I just don't think there is enough interest right now in contributing to the underlying tech without generalizing it so much that it basically becomes an inferior LibreOffice.

Instead, the business model for Tritium is to give away the niche legal product for free to the community, but charge commercial users who need more granular control over its network activity, etc. This gives smaller start-ups, law offices and in-house shops a chance to benefit from the niche features while reserving for more demanding organizations to express an interest in and benefit from advanced features.

IshKebab•4mo ago

I think you should just charge everyone. I can't imagine there are many people in the community who would have a use for it but aren't professionals who could pay money for it.

You could make a special exemption for non-profits and public defenders.

Giving it away for free just creates potential for freeloaders.

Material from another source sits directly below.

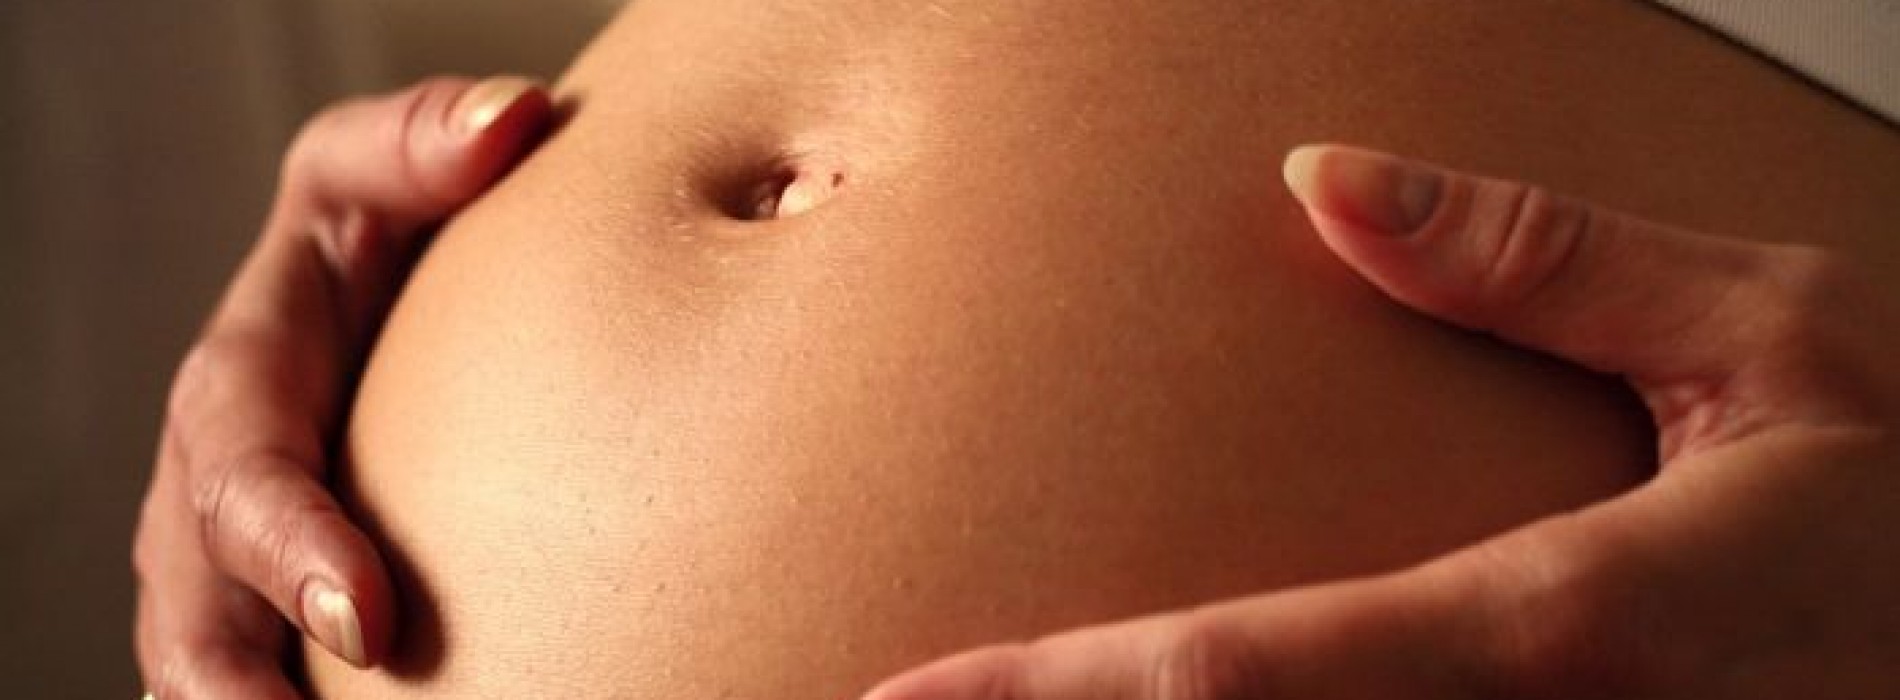 Roken tijdens de zwangerschap nóg erger dan gedacht

Great product idea by the way! Hard to believe lawyers have gone without this for so long.

olivermuty•3mo ago

By «this» I meant the docx parts, not the rest ;)

joachimma•4mo ago

I wonder why round-trip is such a small concern for people implementing serializers/deserializers of various kinds. I usually throw in an "Unknown" node type, which stores things unaltered until I can understand things again. The parsers I usually write are very small, so I haven't seen what issues comes up at scale, maybe there are dragons lurking .

piker•4mo ago

This is the solution for that particular issue that Tritium uses.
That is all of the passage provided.